Oatmeal is a favorite breakfast of mine. Sometimes I take the time to cook it properly
on the stove and add my own flavoring elements, but I also just go for a
package of instant now and again. Since
it’s hot, it’s a good warm-up breakfast on cold days, but in the summer it’s
not quite so refreshing.
This recipe for refrigerator oatmeal is a creamy, lightly sweet, fruity
porridge served cold for summer eating. It’s a delicious, hearty and healthy way to start the day. Additionally, I love anything I can prep
ahead of time that is ready to grab and go!
Ingredients:
¼ cup rolled oats (not instant)
1/3 cup milk (I used 2%)
¼ cup low-fat Greek yogurt (I used Fage 0%)
1 & ½ tsp. chia seeds
2 tsp. honey (I like locally sourced, raw honey)
½ cup fresh fruit (in this case, fresh cherries & blueberries)

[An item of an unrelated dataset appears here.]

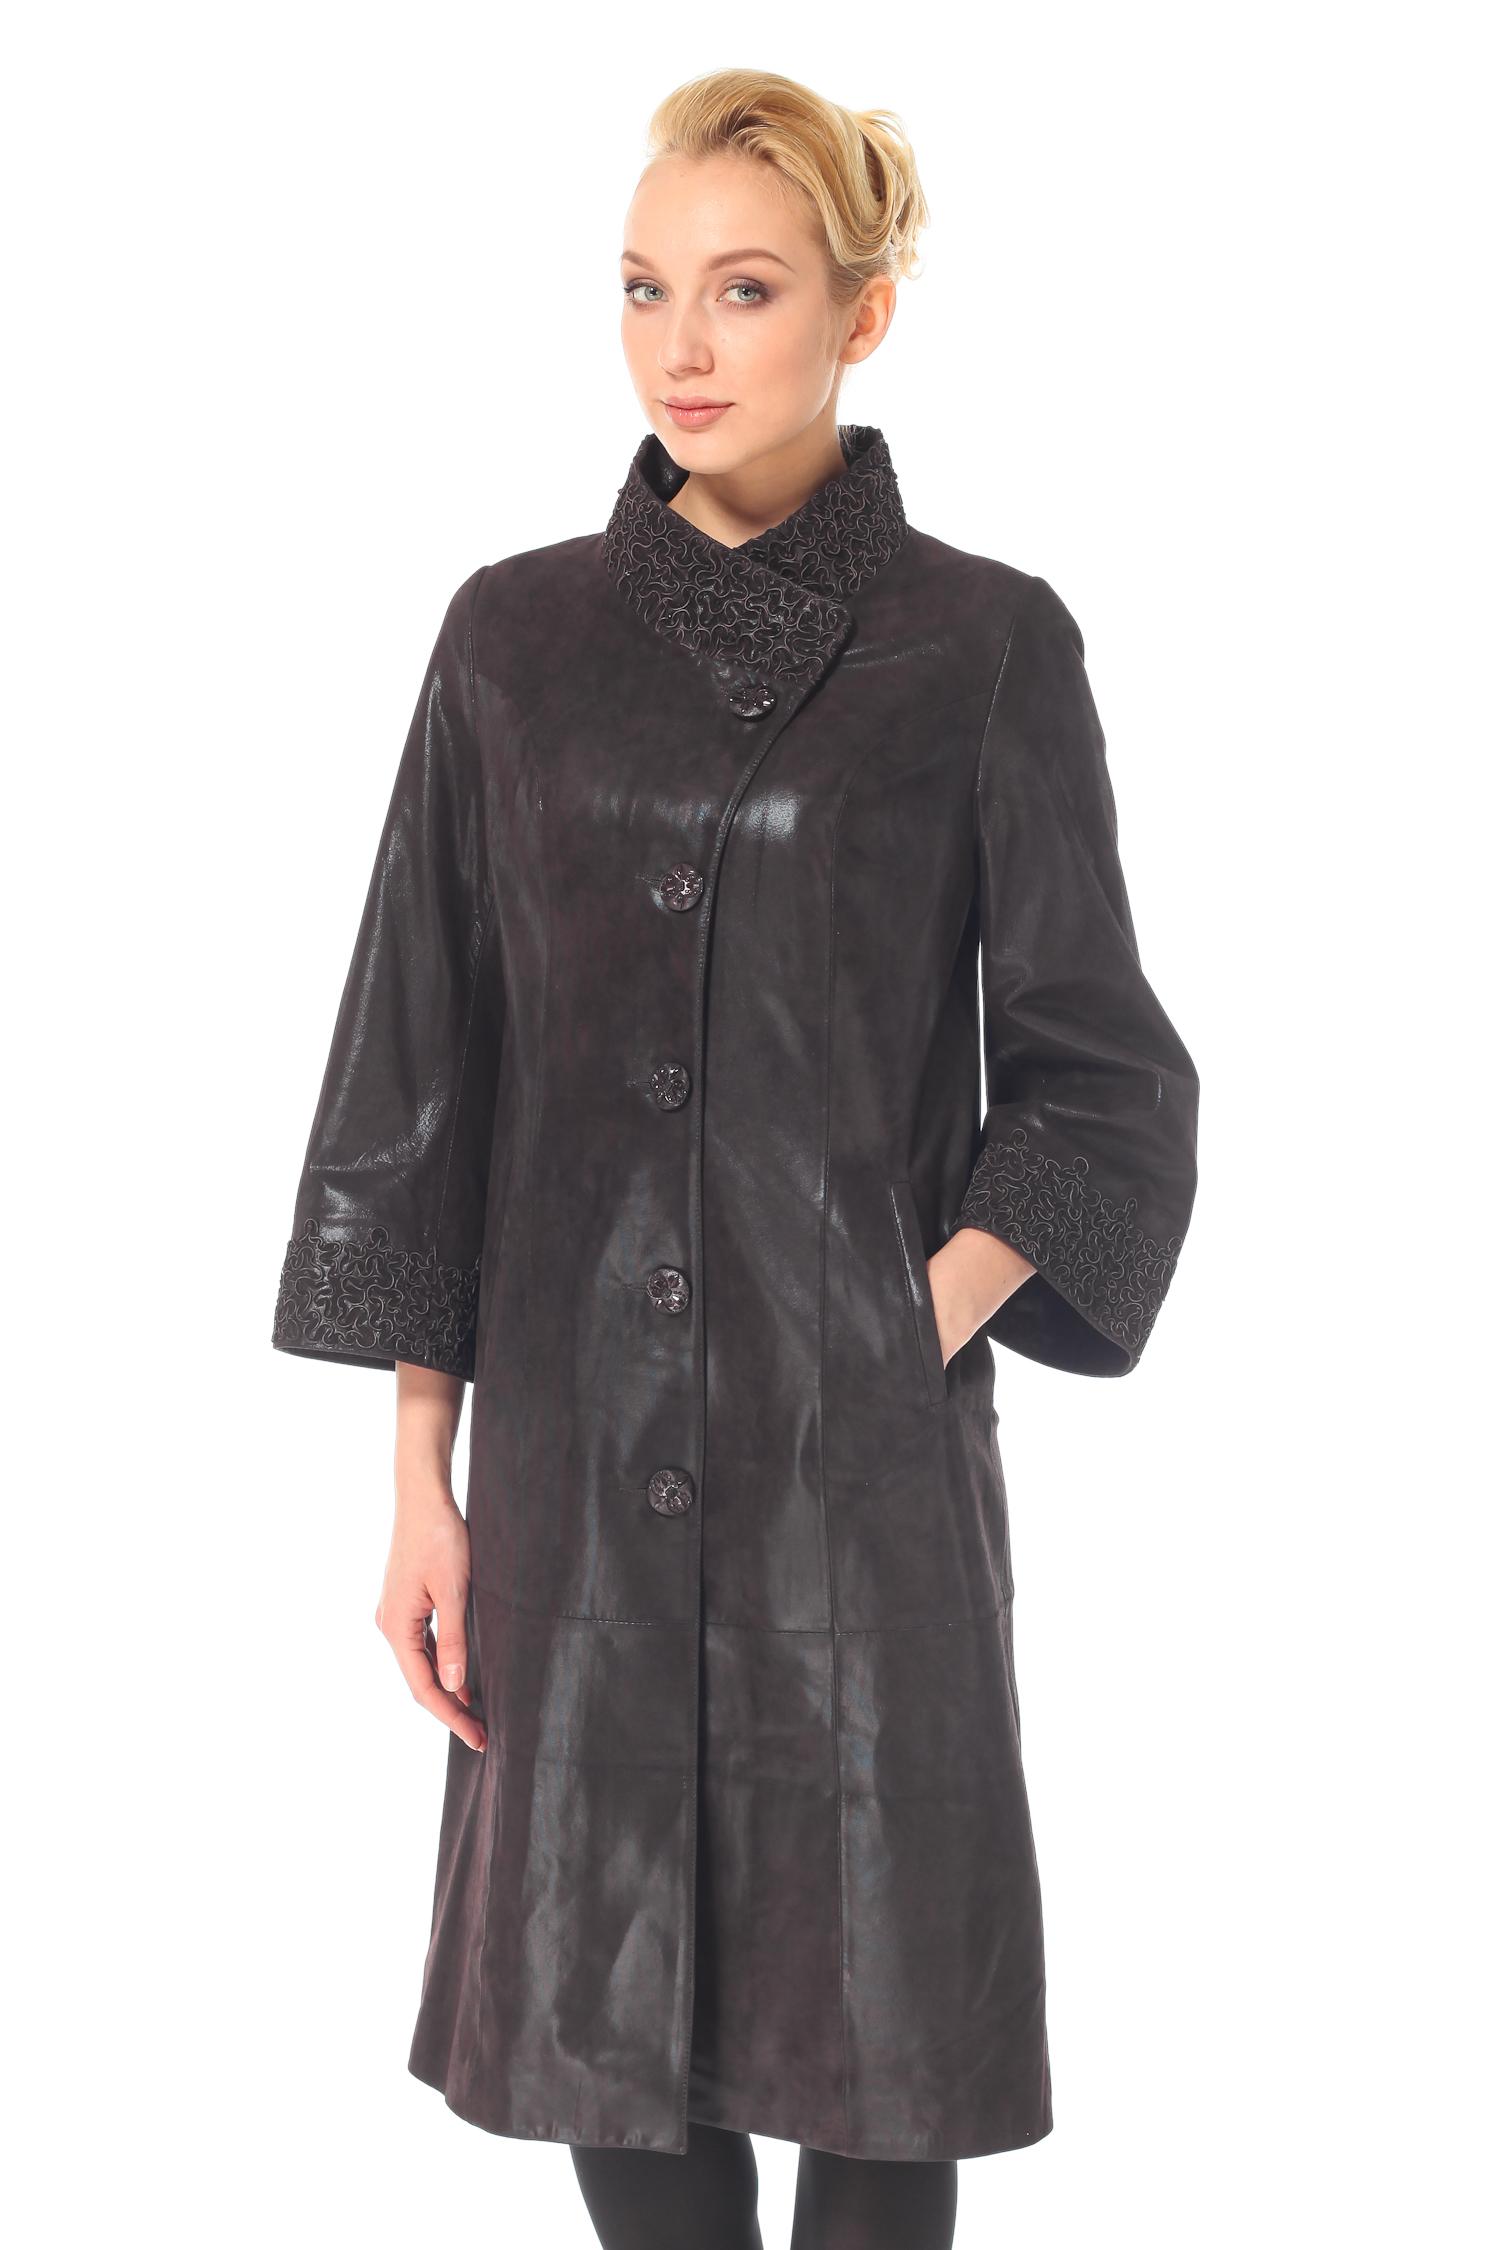 Женское кожаное пальто из натуральной замши (с накатом) с воротником, без отделки<br><br>Воротник: стойка<br>Длина см: Длинная (свыше 90)<br>Материал: Замша<br>Цвет: фиолетовый<br>Пол: Женский<br>Размер RU: 48
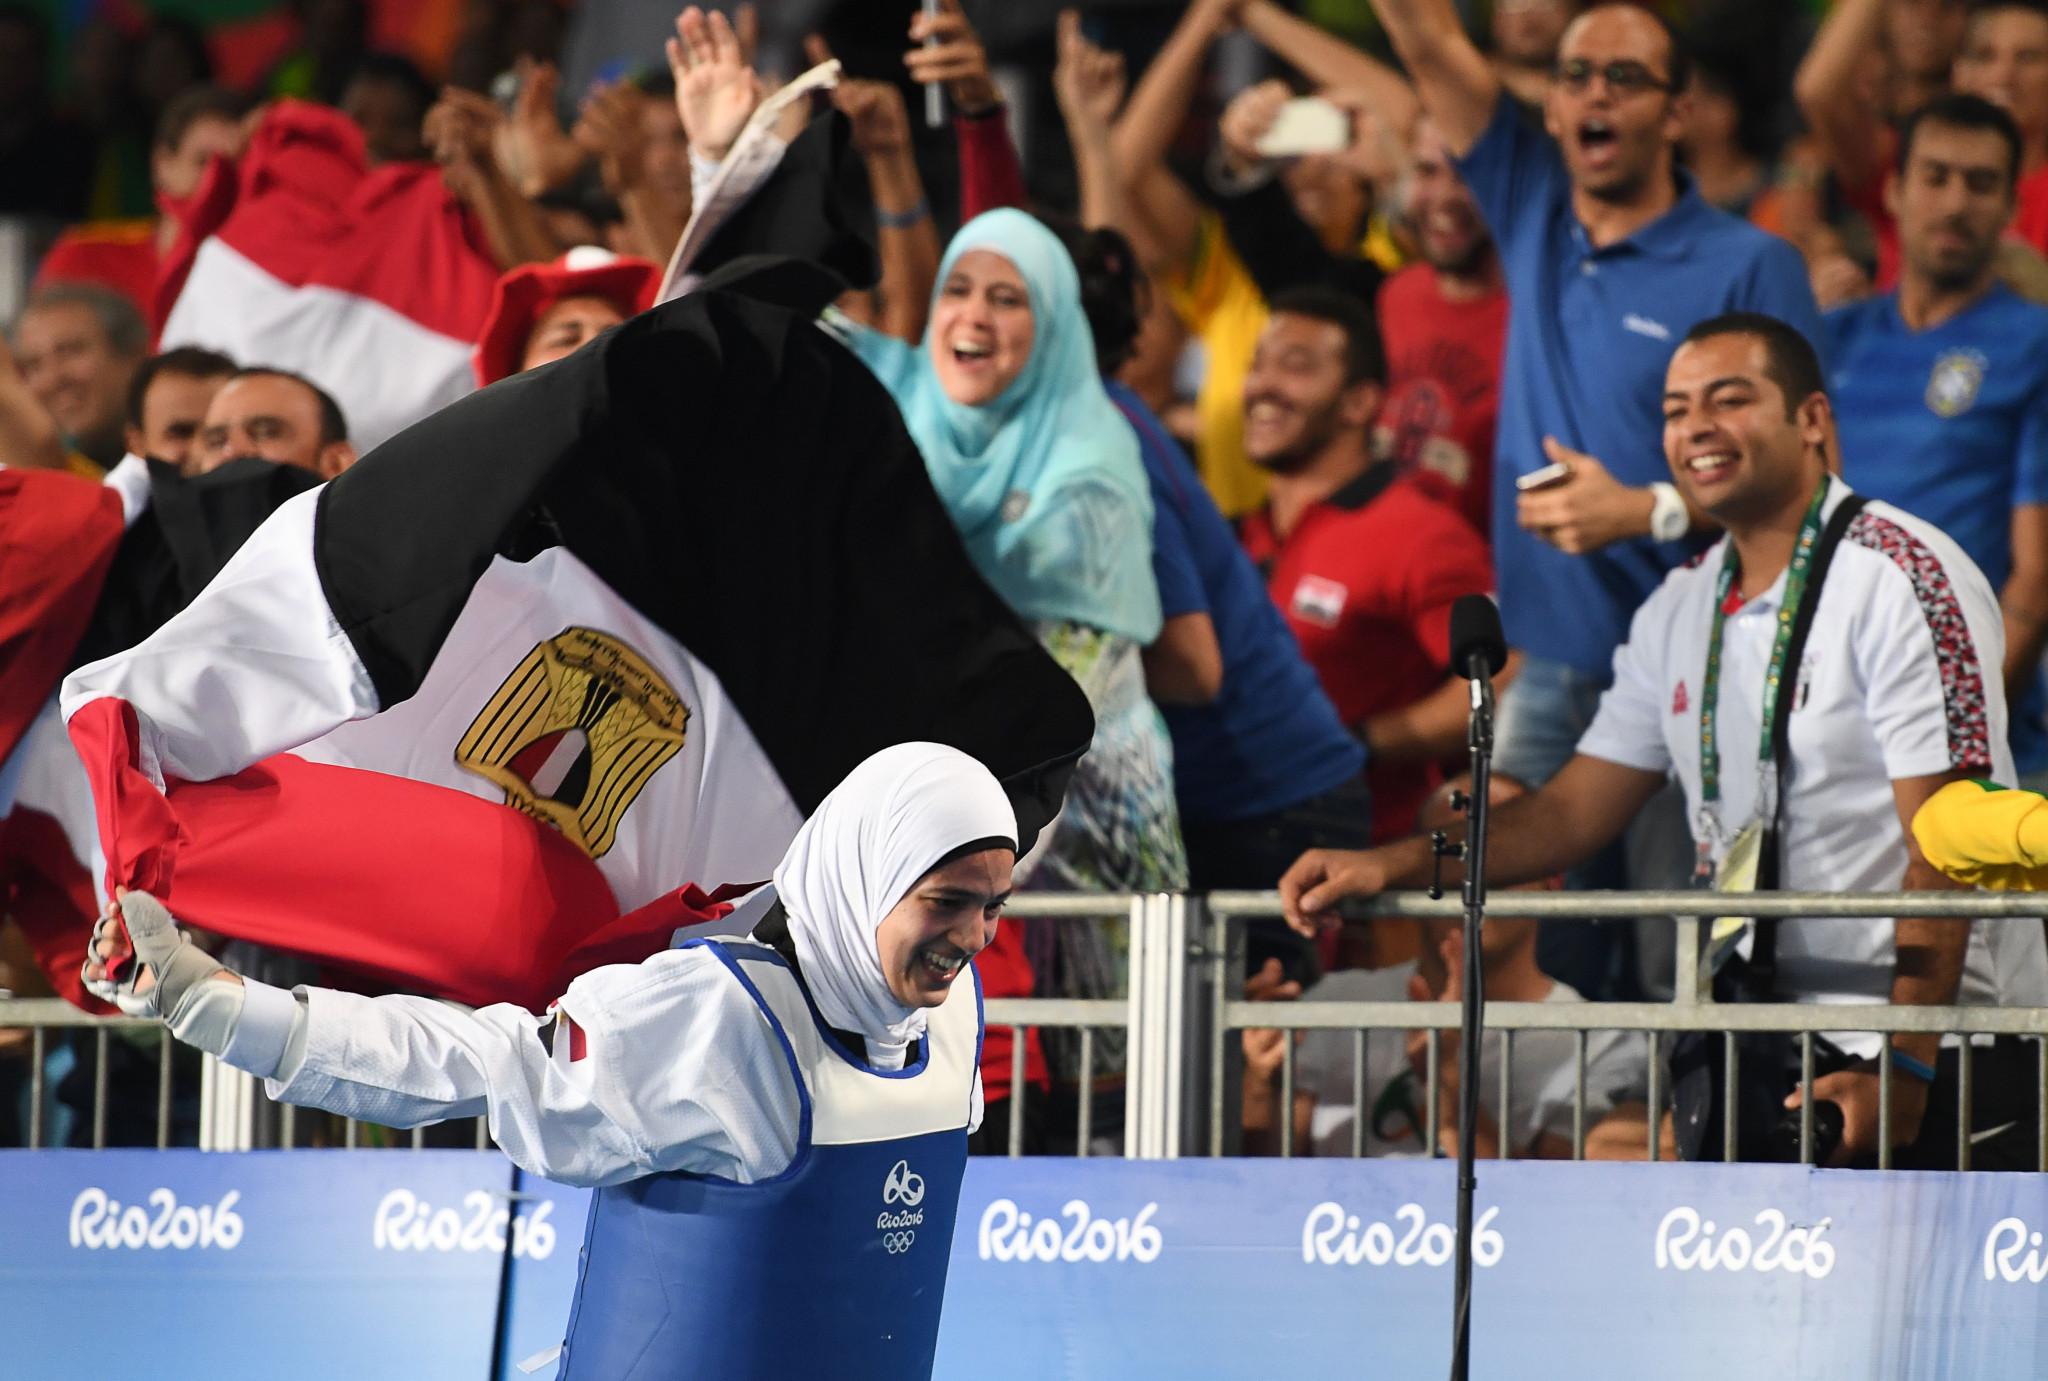 Hedaya Malak Wahba won a bronze medal at Rio 2016 ©Getty Images

Nutrition (using ingredients listed above and before adding fruit):
Calories: 188
Fat: 5.21 g.
Cholesterol: 0 mg.
Sodium: 54.25 mg.
Carbs: 27.15 g.
Fiber: 3.9 g.
Protein: 12.89 g.
Sugar: 14.25 g.
Instructions:
You mix everything together in a cup sized storage container then leave
it in the fridge a minimum of 24 hours. Another
great thing about this recipe is it takes only around ten minutes to make. While it’s chilling, the mixture will thicken
up, blend together and soften the oatmeal and chia seeds. It looked like this before I tucked it away
overnight:
I used the rolled oats as the recipe specified, but I’m curious to try
this one with steel cut oats (my favorite kind) and see how it turns out. I’m guessing the oats will be slightly chewy
since steel cut requires a lot of cook time to soften up, but I like mine a
little chewy (I tend to undercook them for just that reason) so I’m willing to
give it a try.
Variations:
Substitute agave nectar, stevia, or artificial sweeteners for honey.
Spice it up with cinnamon, clove, nutmeg, flavor extracts, or whatever
suits your fancy.Strawberry basil oatmeal? I’d try it! Spicy cinnamon with vanilla extract? Sounds good to me!